Throughout his life Francis has been passionately concerned about the poor, and he knows that poverty in the 21st century takes many forms. It can be found in the grinding material poverty of his native Buenos Aires, caused by decades of corruption, indifference, and the church’s failures to catechize Argentina’s economic and political leaders. But poverty can also be found in the soul-withering spiritual desert of those who measure their humanity by what they have rather than who they are, and who judge others by the same materialist yardstick. Then there is the ethical impoverishment of moral relativism, which dumbs down human aspiration, impedes common work for the common good in society, and inevitably leads to social fragmentation and personal unhappiness.
Pope Francis was a revolutionary. The revolution he proposed, however, was not a matter of economic or political prescription, but a revolution in the self-understanding of the Catholic Church: a re-energizing return to the pentecostal fervor and evangelical passion from which the church was born two millennia ago, and a summons to mission that accelerates the great historical transition from institutional-maintenance Catholicism to the Church of the New Evangelization.

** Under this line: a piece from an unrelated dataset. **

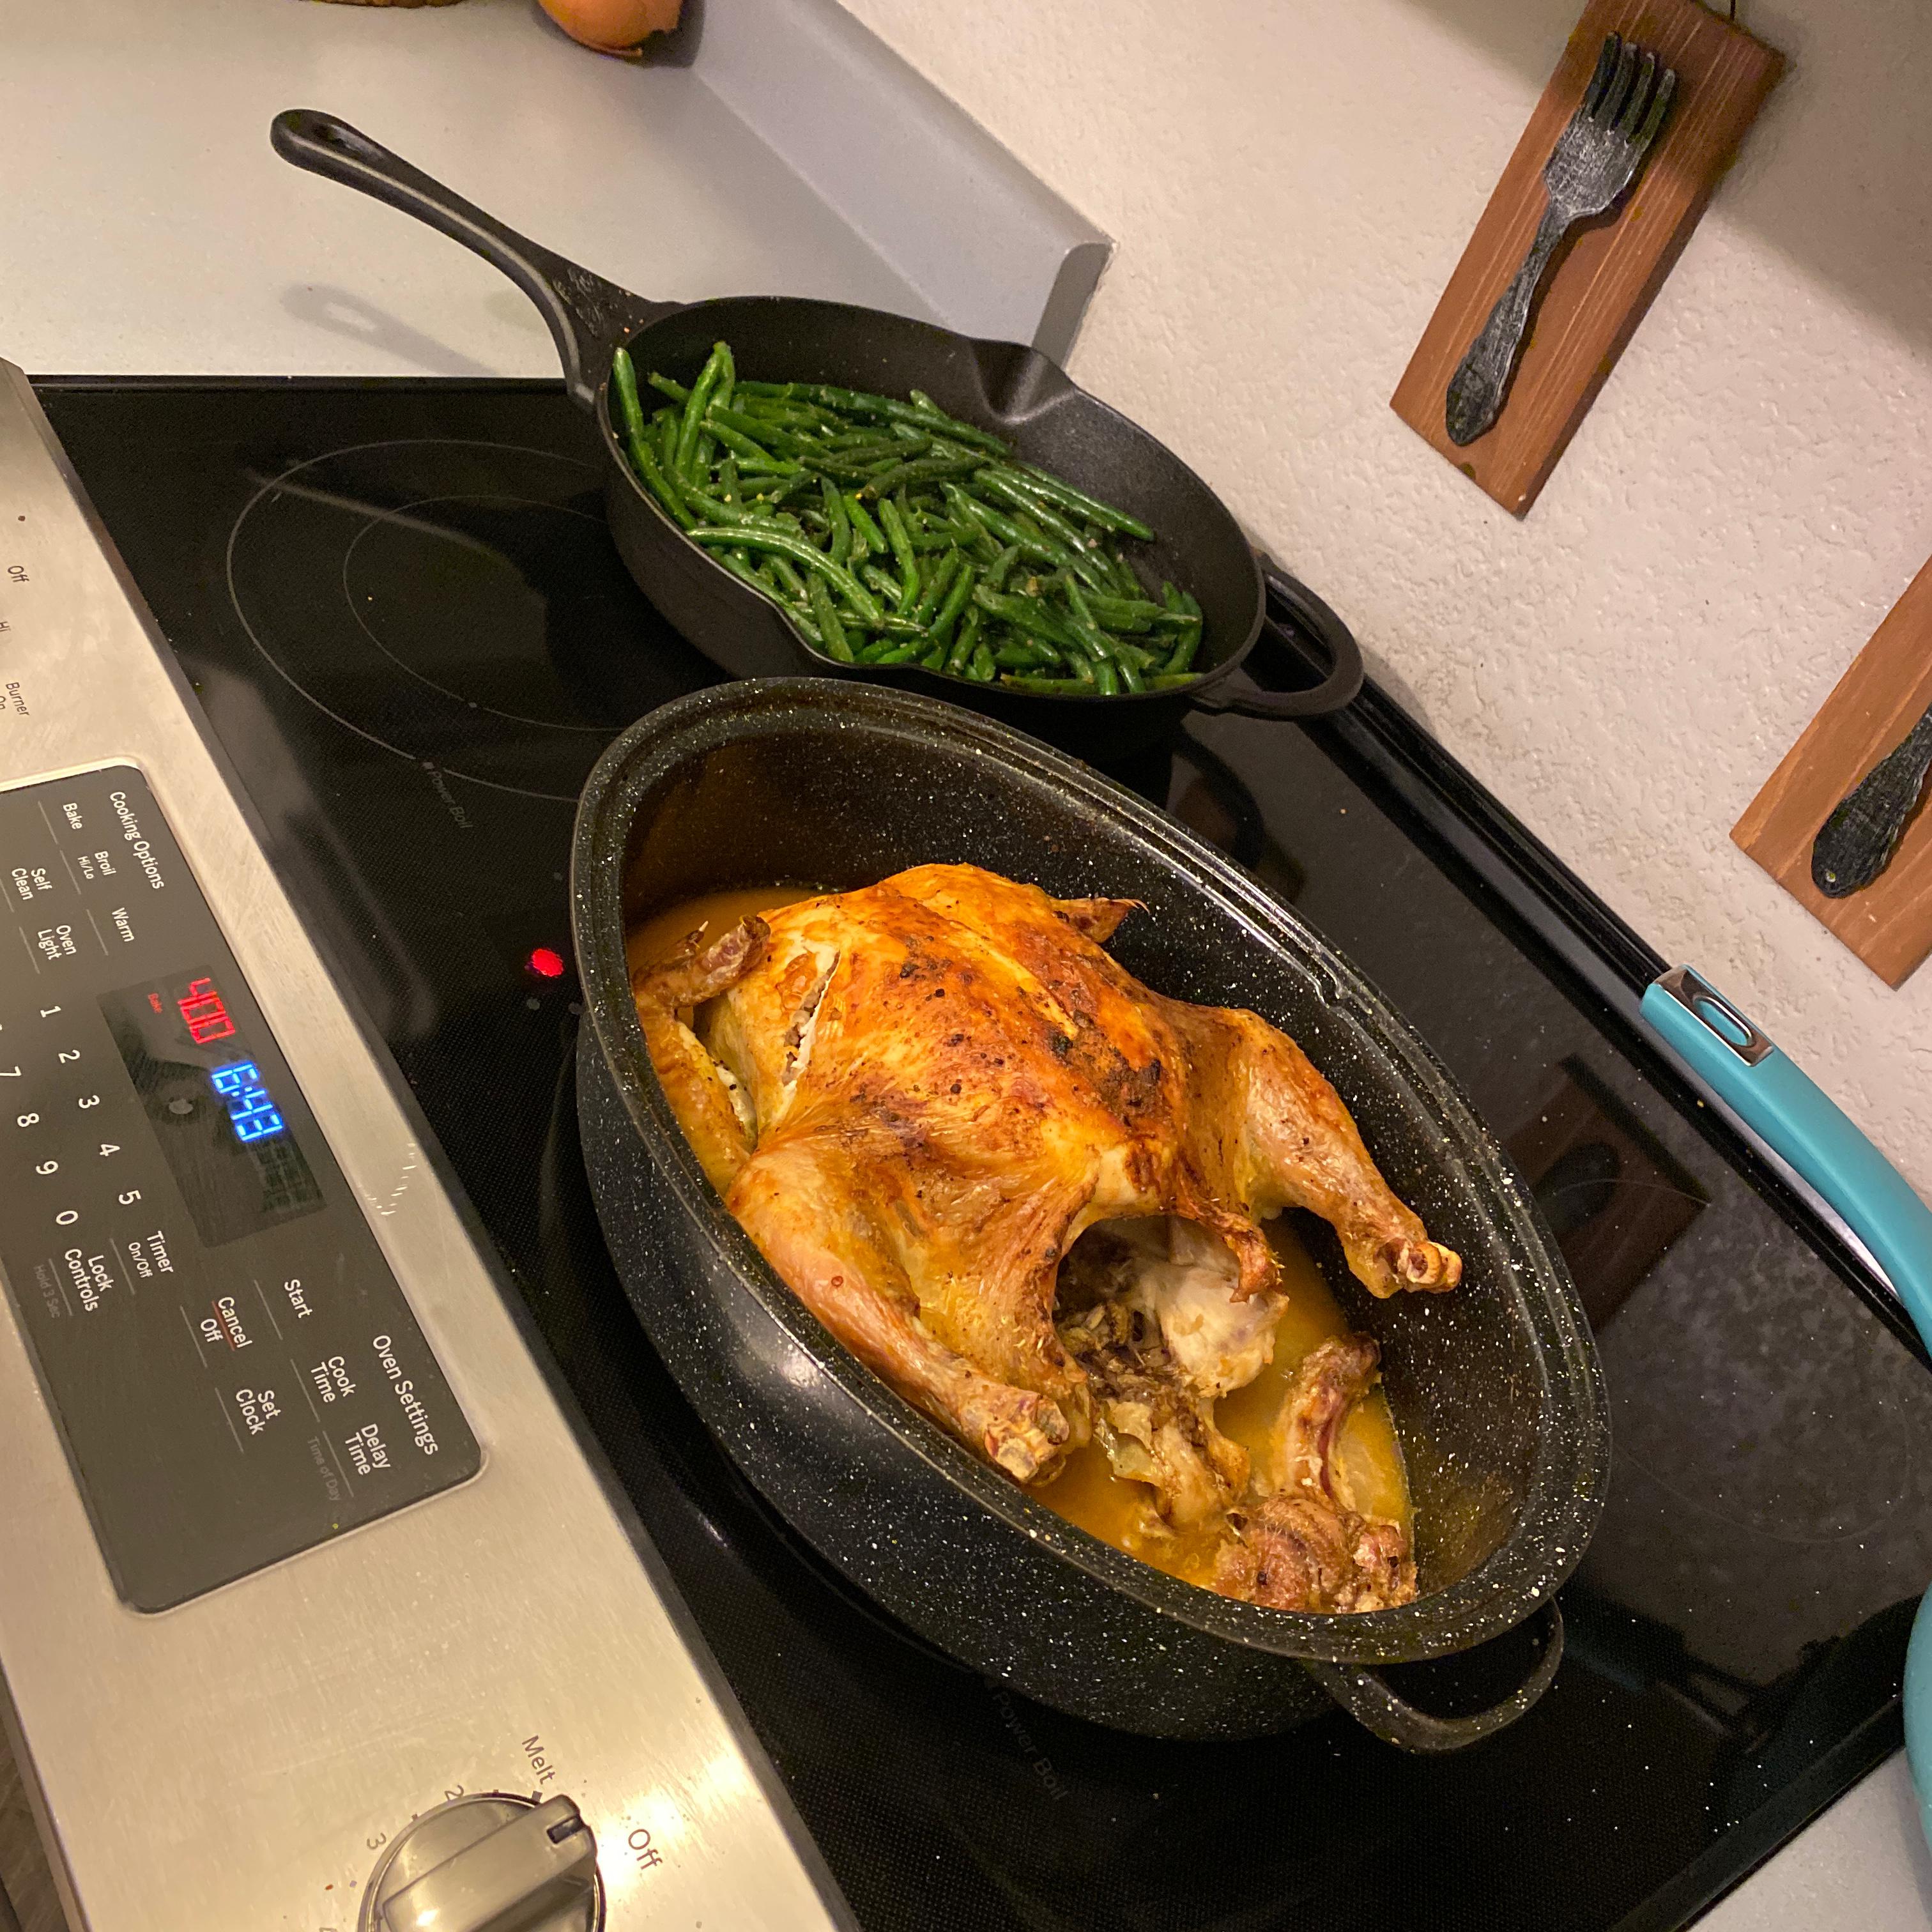 Juicy Roasted Chicken

Soon a conclave will take place. This is a most intriguing process. In his pontificate lasting just 13 years, Pope Francis has appointed the majority of Cardinals who will elect his successor. The appointment of these cardinal electors, has been very prophetic. Reaching out to the periphery, Francis has created a College of Cardinals that truly represent the universal church. Pope Francis has both challenged and inspired. I see him as a Christ like compassionate shepherd. Who “Brings good news to the poor” May the Lord grant to this faithful servant everlasting rest.